As part of my work to make past information more flexible, I have “de-pivoted” / “flattened” a lot of excel tables into something that is less table and more row-focused.

This can be done automatically within excel prior to data import, and doing so allows for a lot more flexibility once you are inside Coda.

I know this isn’t exactly what you are asking, but it is one route that has made my life easier when approaching the same problem, thanks!

2 Likes

Thanks for the share. Appreciate the alternate approaches to this issue.

@Al_Chen_Coda If you don’t mind, tagging you for your expert insight into the intersection of Coda and Excel/Sheets.

1 Like

@mallika or any Codans have thoughts on this? Would love insights on approaches and best practices.

1 Like

Hello. Checking in again for best practices or insights on this issue. Appreciate any thoughts.

Hi @Joseph_B, apologies for the delayed reply here and missing the notification when you tagged me in this thread. The short answer is that there is no “right” way of doing this in Coda, and the reasons for this (as you pointed out) is due to the way Coda was designed.

Potential Solution #1 Pros/Cons
Using the “FruitScore” table, the simplest way to get Bill’s score on `Banana` using a formula on the canvas would be: `=FruitScore.filter(Name="Bill").Banana`. You could then give this formula a name and then reference this score throughout the doc.

This does not feel very “scalable” because what if you want to average that score with Carrie and Daniel’s scores? You would then have to write individual formulas for them and have another formula that perhaps averages all those scores.

Compared with Excel/Google Sheets, the analysis feels a bit simpler since I can create my own list of names and use a `VLOOKUP` formula to grab the scores like so:

Potential Solution #2 with Pros/Cons
If we want to get the average score of all fruits for Bill, the `Average Fruit Score` column would not be “scalable” because, as you mentioned, it would not account for any new columns. As an aside, I think if you know the number of columns will stay relatively fixed or will not grow by much over the coming weeks/months, then I think manually fixing the formula here is acceptable, but still not “scalable” in terms of building an error-free model.

In Google Sheets, formulas will automatically detect new columns/rows inserted and the cell reference will automatically stretch and shrink to properly account for the new columns added:

This definitely feels more “scalable” if you find yourself adding many columns to the table whereas the Coda solution requires you to manually add in the column to the formula (side note: this is something we are looking to improve for future releases).

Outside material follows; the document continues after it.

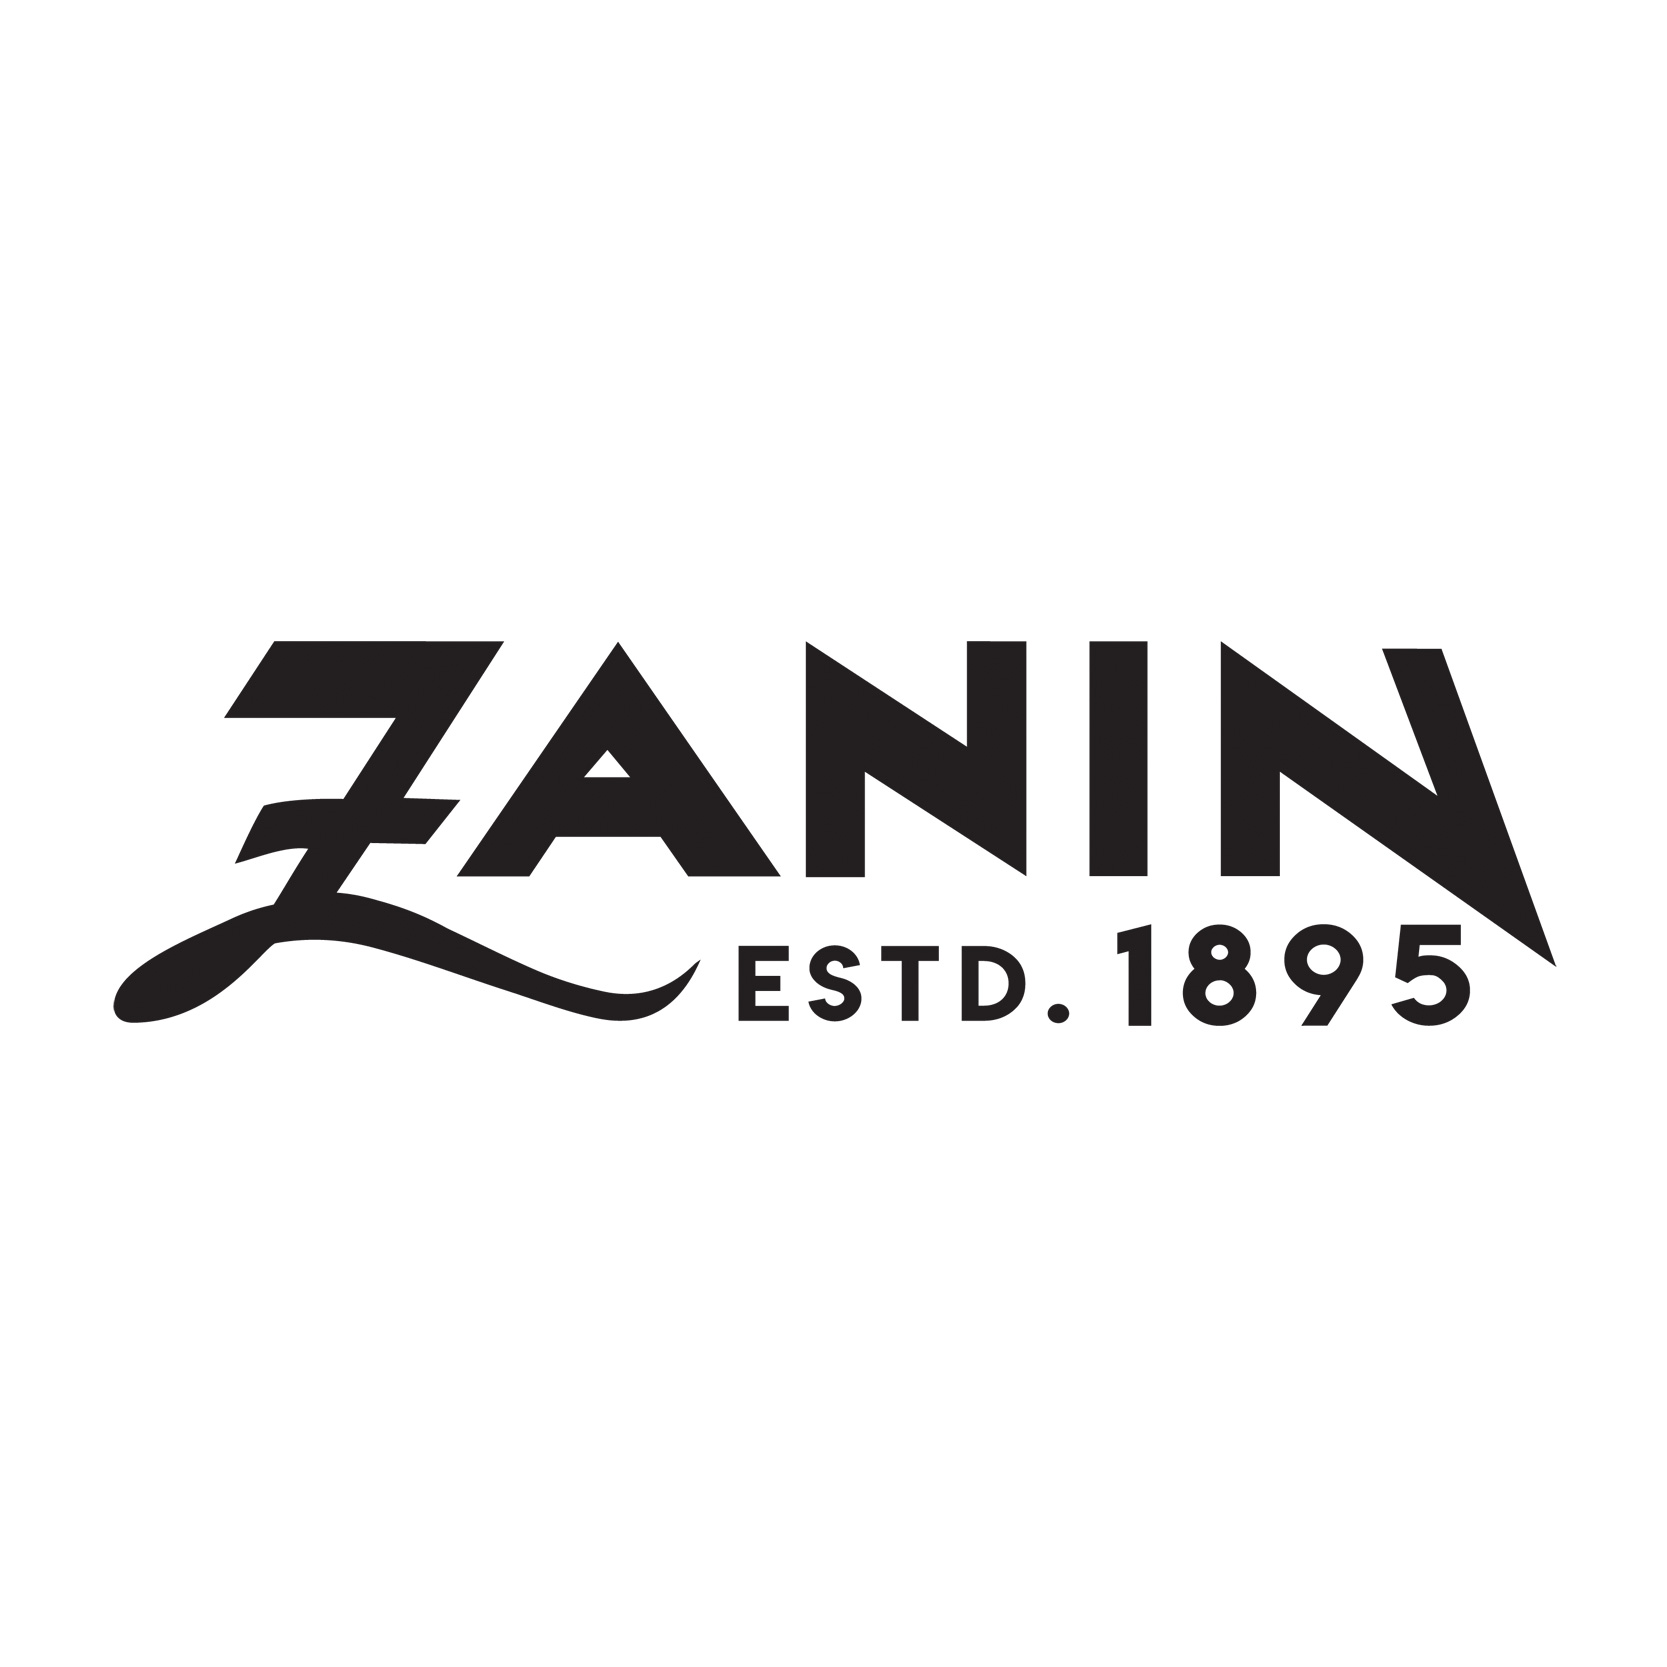 Immagina Creative Communications cliente Zanin for Bartenders logo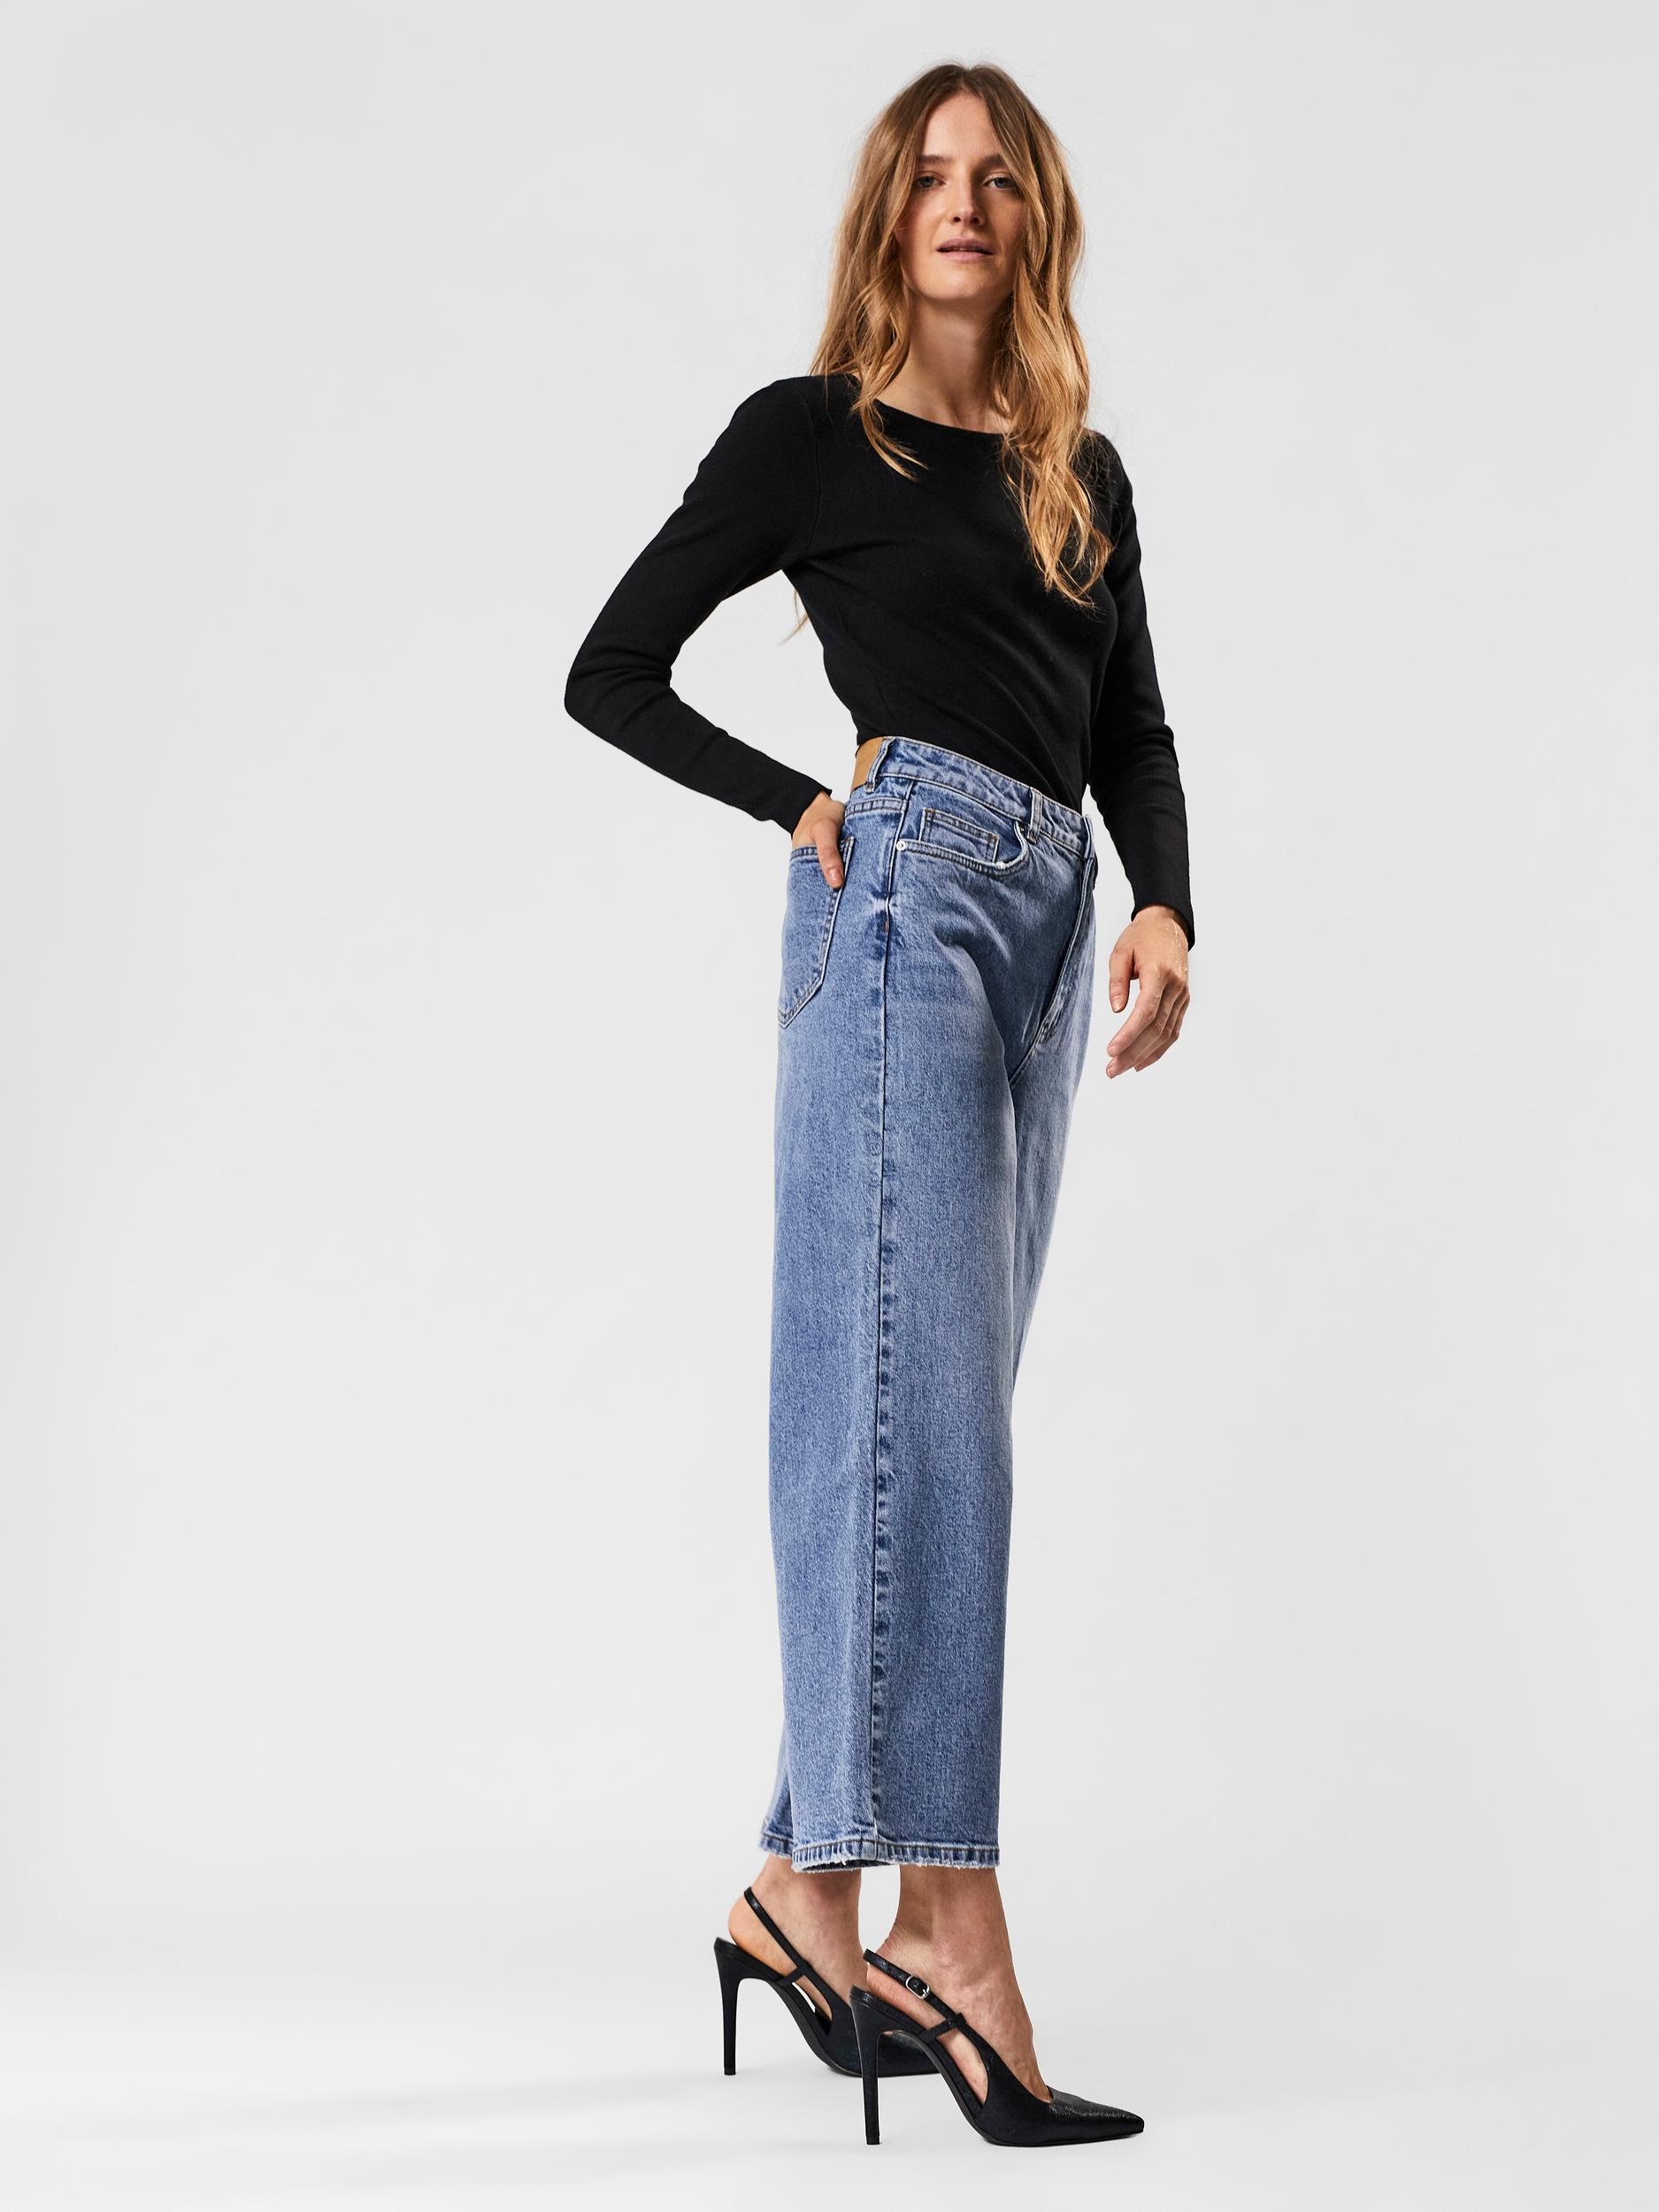 Vero Moda Kathy Jeans, Light Blue Denim, W26/L32

Potential Solution #3 Pros/Cons
The transposing solution would work if you knew that there wouldn’t be many more people you want to add to the list and you are only interested in doing analysis on the average scores of the fruits. I would argue that this is not a scalable solution given the data set may change, but could be a completely fine solution if the list of names will stay fixed throughout the analysis.

The database approach
As @Bobby_Ritter pointed out with his example, flattening your data is the right approach. Perhaps there should be a native feature to flatten your data out like @Bobby_Ritter has done with his embedded doc (will add this to the product backlog!). The difficulty here is that your list of data may require you to do a lot of copying/pasting to get the proper flattened structure you’re looking for. If you’re coming from Excel, the Get and Transform feature is one way to flatten or you could use a custom macro like this to get the data the way you need.

Flattening your data can be cumbersome and time-consuming, but I think the underlying reasoning for doing this is important to call out.

Analysis vs. Tools/Models
Coming from Excel, Coda definitely challenges your pre-conceptions about what it means to do analysis. It blurs the line in that the platform feels like it could be used for analysis, but other times (as in your original post) it feels too cumbersome to pull simple numbers like the average score across all fruits.

When you are doing analysis in Excel, it’s typically very messy and you have raw data in one sheet, lookups in another sheet, and hard-coded assumptions in another sheet. The goal of the analysis is simply to find the answer to a business question and you may not care about building an error-free spreadsheet since it’s a one-time analysis. The sole goal of that Excel file is to give you a number and you most likely wont revisit that file ever again.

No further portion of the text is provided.